THE PROBLEM
Copy exactly, please, the lines of the data from its start through the line containing "White Traverse Heavy".
[Opening RECORDS TO USE section]
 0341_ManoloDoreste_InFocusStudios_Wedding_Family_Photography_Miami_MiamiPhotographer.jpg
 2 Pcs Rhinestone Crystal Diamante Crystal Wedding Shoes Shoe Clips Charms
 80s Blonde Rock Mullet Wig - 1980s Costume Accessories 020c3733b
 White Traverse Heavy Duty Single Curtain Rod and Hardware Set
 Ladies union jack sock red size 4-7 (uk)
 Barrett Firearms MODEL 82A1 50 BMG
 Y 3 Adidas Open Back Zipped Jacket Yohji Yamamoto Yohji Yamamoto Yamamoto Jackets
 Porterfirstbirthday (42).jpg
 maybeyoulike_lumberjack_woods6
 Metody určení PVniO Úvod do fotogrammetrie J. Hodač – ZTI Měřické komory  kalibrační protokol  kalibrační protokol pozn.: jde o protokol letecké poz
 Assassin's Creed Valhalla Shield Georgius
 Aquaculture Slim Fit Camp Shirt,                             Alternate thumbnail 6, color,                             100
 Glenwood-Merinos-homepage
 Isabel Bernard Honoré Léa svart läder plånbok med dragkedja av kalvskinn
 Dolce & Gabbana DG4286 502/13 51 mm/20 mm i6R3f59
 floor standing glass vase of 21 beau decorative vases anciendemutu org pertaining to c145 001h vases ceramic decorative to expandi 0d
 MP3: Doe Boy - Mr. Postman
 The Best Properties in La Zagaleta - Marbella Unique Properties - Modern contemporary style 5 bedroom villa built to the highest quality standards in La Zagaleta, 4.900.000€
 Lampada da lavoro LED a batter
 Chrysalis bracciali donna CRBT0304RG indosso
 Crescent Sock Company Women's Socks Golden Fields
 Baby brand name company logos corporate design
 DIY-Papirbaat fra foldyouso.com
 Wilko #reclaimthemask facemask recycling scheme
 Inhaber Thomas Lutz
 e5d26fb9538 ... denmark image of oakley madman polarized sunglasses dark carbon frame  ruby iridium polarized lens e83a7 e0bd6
[Closing RECORDS TO USE section]
ANSWER SPACE
 0341_ManoloDoreste_InFocusStudios_Wedding_Family_Photography_Miami_MiamiPhotographer.jpg
 2 Pcs Rhinestone Crystal Diamante Crystal Wedding Shoes Shoe Clips Charms
 80s Blonde Rock Mullet Wig - 1980s Costume Accessories 020c3733b
 White Traverse Heavy Duty Single Curtain Rod and Hardware Set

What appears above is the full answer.